Nancy Lurker
About Nancy Lurker
Nancy Lurker (age 67) serves as Vice Chair of EyePoint Pharmaceuticals’ Board, having previously been Executive Vice Chair (Dec 2023–Jul 2024) and President & CEO (2016–Jul 2023). She is a member of the Science Committee. Lurker holds a B.S. in Biology from Seattle Pacific University and an MBA from the University of Evansville, and has senior leadership experience at Novartis, Bristol-Myers Squibb, Pharmacia, PDI/Interpace, and other healthcare companies .
Past Roles
| Organization | Role | Tenure | Committees/Impact |
|---|---|---|---|
| EyePoint Pharmaceuticals (EYPT) | Vice Chair, Board of Directors | Jul 2024–present | Board leadership; member, Science Committee |
| EyePoint Pharmaceuticals (EYPT) | Executive Vice Chair, Board | Dec 2023–Jul 2024 | Board leadership during CEO transition |
| EyePoint Pharmaceuticals (EYPT) | President & Chief Executive Officer | 2016–Jul 2023 | Led strategic execution; advanced ocular drug delivery platform |
External Roles
| Organization | Role | Tenure | Committees/Impact |
|---|---|---|---|
| Alkermes plc (ALKS) | Director | Apr 2024–present | Not disclosed in EYPT proxy |
| Collegium Pharmaceutical (COLL) | Director | Feb 2025–present | Not disclosed in EYPT proxy |
| Altasciences, LLC (private CRO) | Director | Not disclosed | Not disclosed |
| National Sanitation Foundation (non-profit) | Director | Not disclosed | Not disclosed |
| Aquestive Therapeutics (AQST) | Former Director | 2018–Jun 2022 | Not disclosed |
| X4 Pharmaceuticals (XFOR) | Former Director | 2016–2018 | Not disclosed |
| Auxilium; Mallinckrodt; PDI; Elan; ConjuChem | Former Director | Various | Not disclosed |
Board Governance
- Current role: Vice Chair; Science Committee member; not listed on Audit, Compensation, or Governance & Nominating Committees .
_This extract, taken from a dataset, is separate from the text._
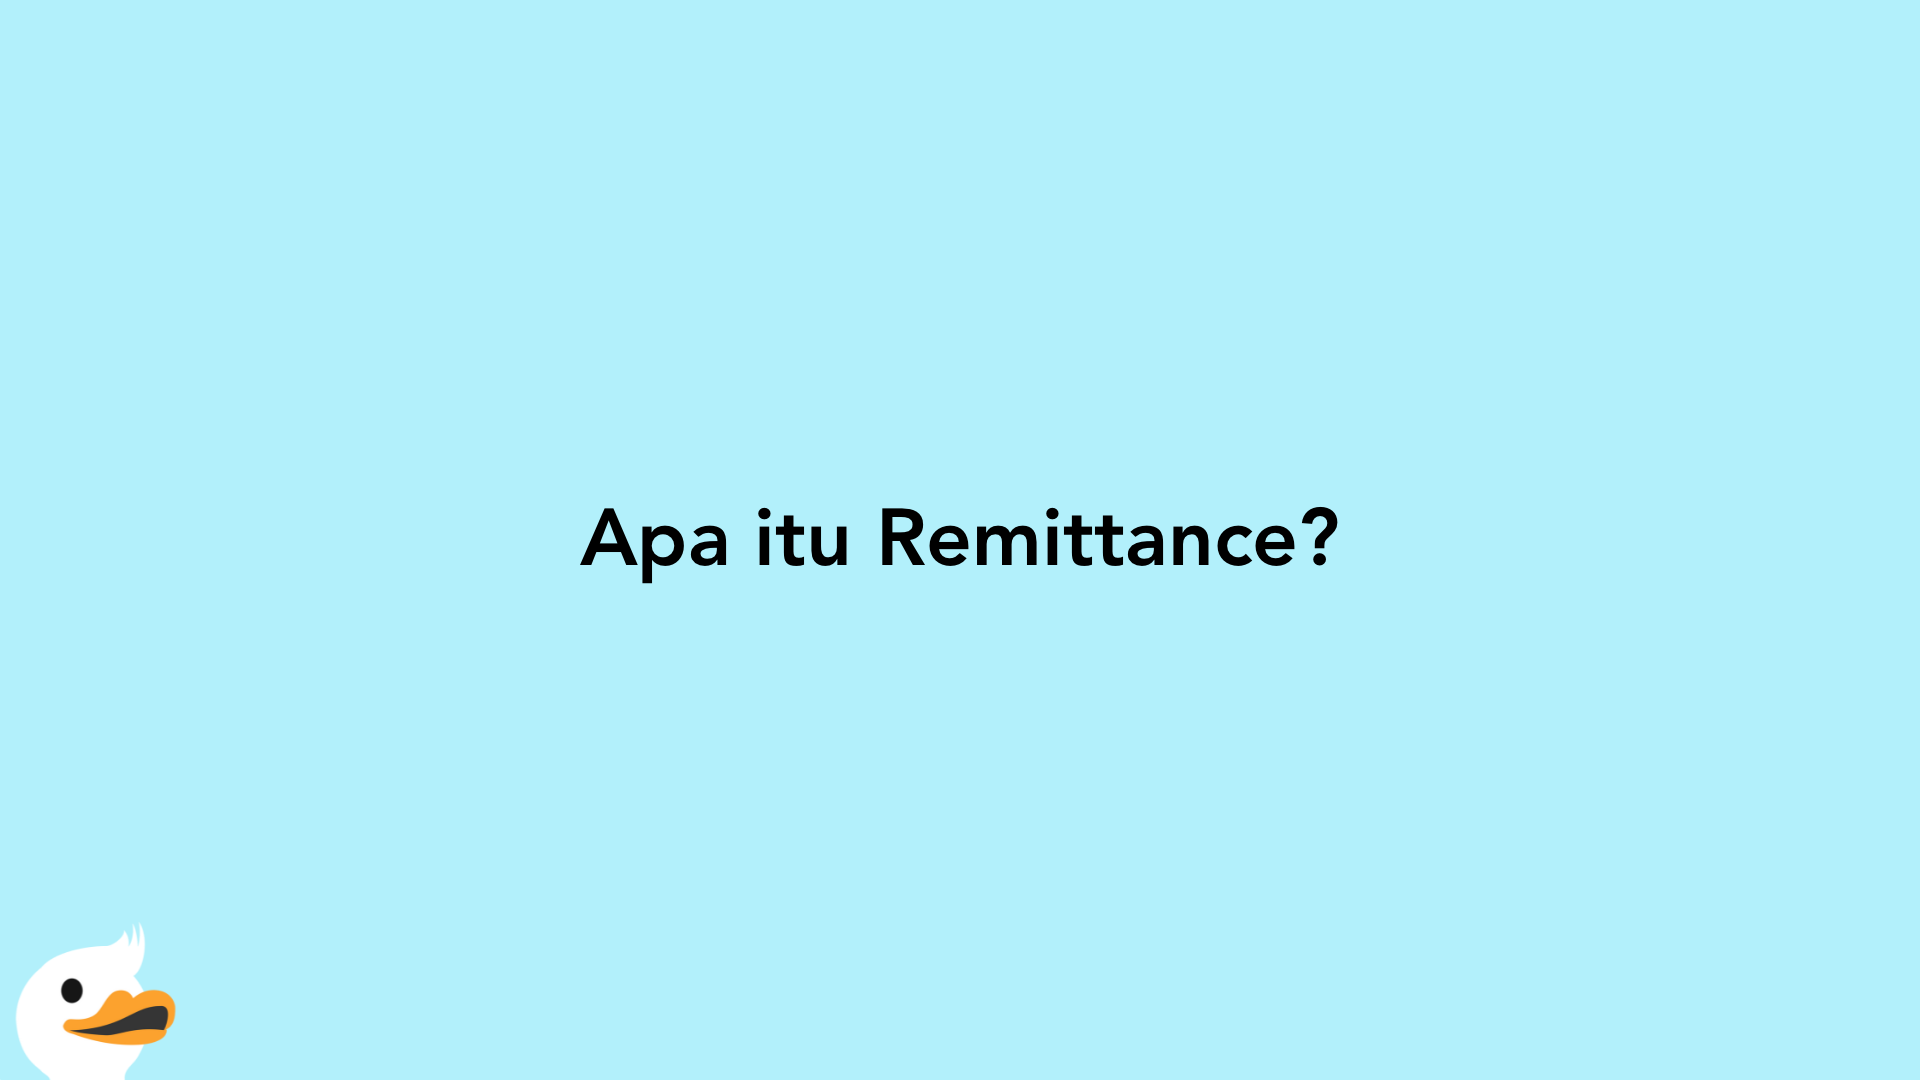 Apa itu Remittance?

- Independence: Not independent due to employment within past three years; employment ended July 2024 .
- Attendance: The Board and Science Committee each met four times in 2024; directors serving the full year attended at least 75% of Board and committee meetings (aggregate standard; director-specific rates not disclosed) .
- Executive sessions: Independent directors hold executive sessions at each regularly scheduled Board meeting .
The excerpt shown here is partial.